A churning metropolis defined by its Indian, English, and Portuguese past, Mumbai, India, now has the poise, populace, and design potential to be one of the 21st century’s most interesting cities.
“Have a seat,” the waiter says cheerfully, depositing me at a table next to a one-inch bullet hole that goes deep into a mirrored wall. I am in not a war zone but the financial capital of the world’s largest democracy, and I’m having lunch at Leopold Cafe, a popular watering hole that was a site of brutal terrorist attacks in 2008. Time has passed, but the symbolism is hard to miss: In this city, people live with acute juxtaposition.

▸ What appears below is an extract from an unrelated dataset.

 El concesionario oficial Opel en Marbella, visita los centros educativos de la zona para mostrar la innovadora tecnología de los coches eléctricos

With its population of 19 million and a north–south axial layout, the metro area of Mumbai, India—–whose name, to the consternation of many, was changed from Bombay in 1995—–is the fifth most populous in the world. Its denizens are a pastiche of religions, languages, classes, and political beliefs, creating a culture that is both tolerant and chaotic. The architecture follows suit.

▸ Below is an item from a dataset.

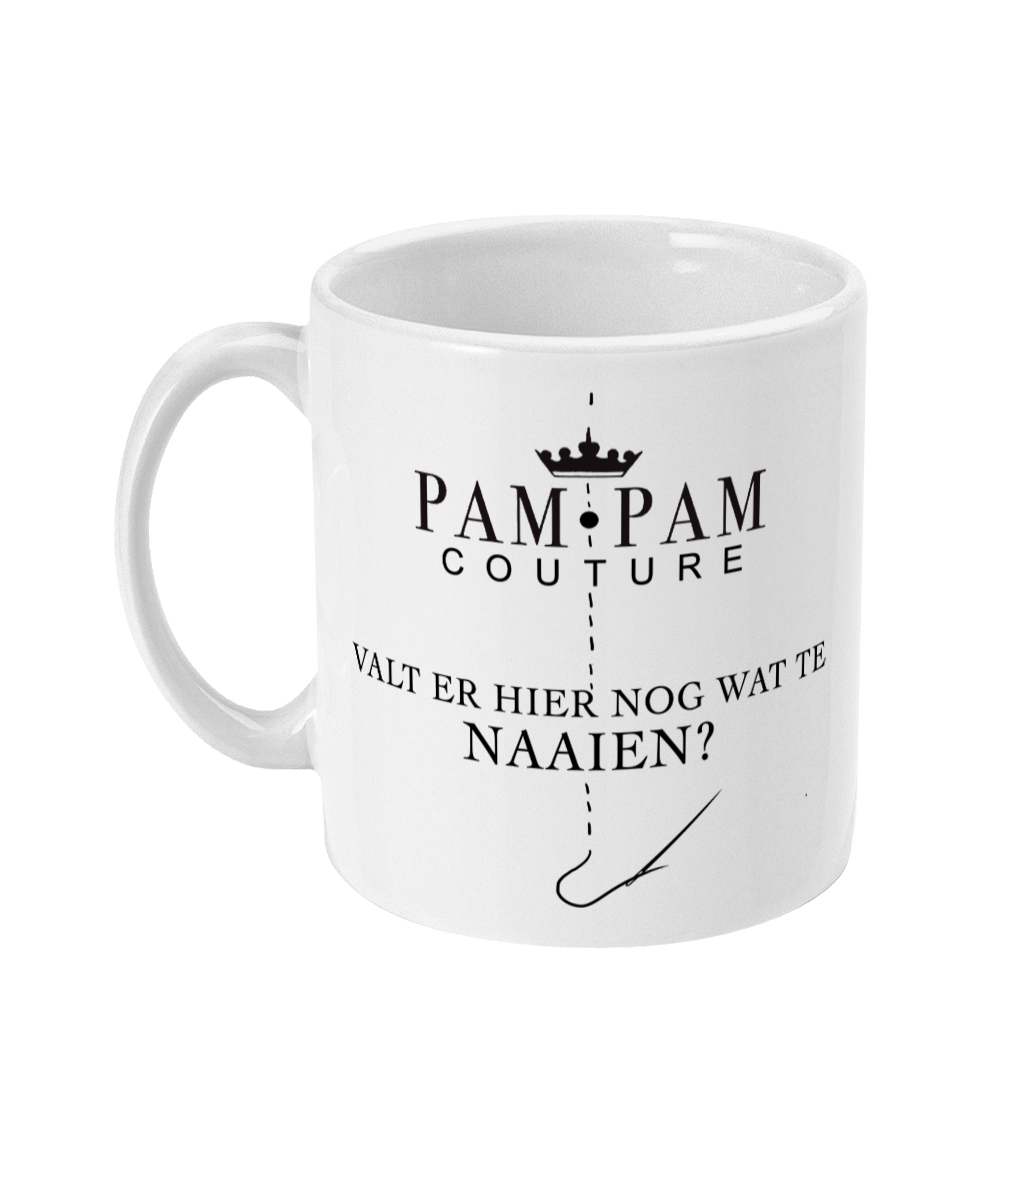 Patty Pam-Pam - Couture Mug

As I walk the ancient bylanes, I see handprints of the different empires that have passed through: British, Portuguese, Islamic. The city’s architectural fabric is rich, to say the least: Victoria Terminus (aka Chhatrapati Shiraji Terminus) and Elphinstone College are high Victorian Gothic; the legendary Taj Mahal hotel is inspired by Islamic design; and Marine Drive boasts one of the largest collections of art-deco buildings in the world.
Though a galloping economy has made Mumbai the surging heart of India’s mounting dominance, part of what still eludes the city is urban and aesthetic coherence. “For the longest time, Bombay couldn’t afford good design,” says Suketu Mehta, whose 2004 book, Maximum City: Bombay Lost and Found, dissects the dense urban enclave. Mehta, who grew up in Mumbai and now teaches journalism at New York University, takes us through the notable, and sometimes notably lacking, design in one of India’s most spectacular cities.

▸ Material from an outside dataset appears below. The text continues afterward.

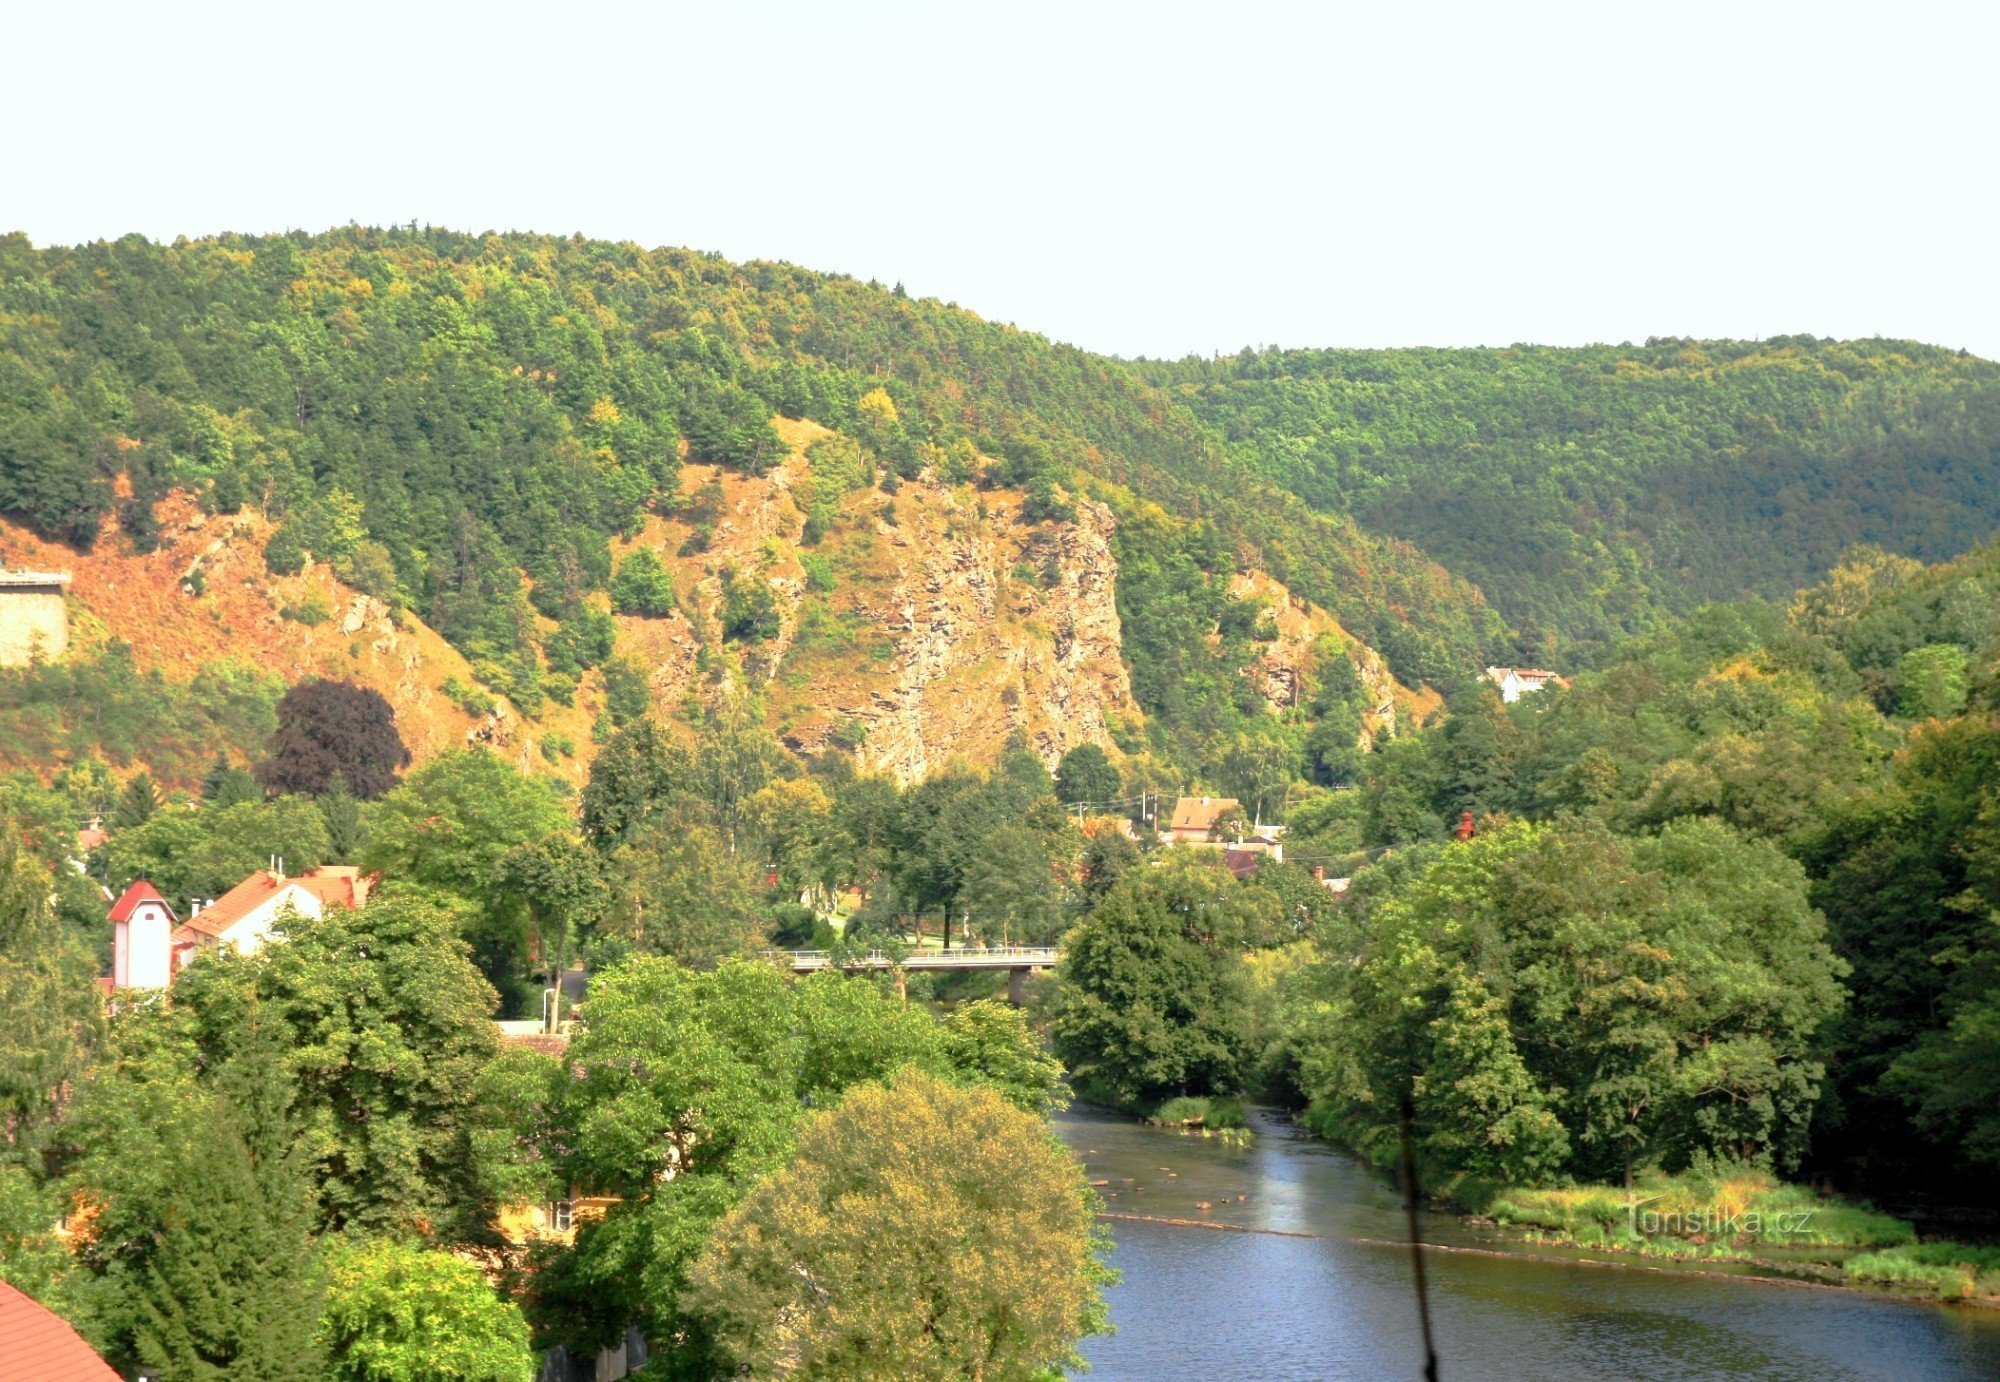 Hamerské údolí від замку Вранів

Modern architecture is rare here, save for works by Bijoy Jain, Charles Correa, and perhaps a few others.
A big reason is that Bombay doesn’t have space to build upon. A series of antediluvian laws known as the Rent Act of 1948 froze the housing stock. But, more importantly, there just wasn’t any money for architects to come in and make interesting structures.
So how does the recent influx of new money change that?
Now, there is a new generation of Bombayites who have gone abroad and been exposed to world-class design, and for the first time, you have the two essential ingredients in place: educated clients who have a sense of what good design is all about and the money to attract the best architects in the world. There is also a realization worldwide, on the part of architects, that India is the next frontier. Just as China was, and continues to be, India is still largely an untapped market.
Money doesn’t equal good architecture or cohesive planning, though.
Urban planning is a disaster in Bombay. The main problem is that it’s not holistic; there is no central authority. Housing is one person’s job. Highways are someone else’s. Local trains are controlled by the central government. It is as if the New York City subway were to be controlled by the national highway department in Washington. The solutions to these problems are not hard to figure out. But there is a lack of political will and no strong, regional authority that has the power to coordinate the hodgepodge of government organizations that control different parts of the city.
Mumbai is also home to massive slums. Is it even appropriate to talk about flashy architecture when half the city’s inhabitants don’t have housing or clean drinking water?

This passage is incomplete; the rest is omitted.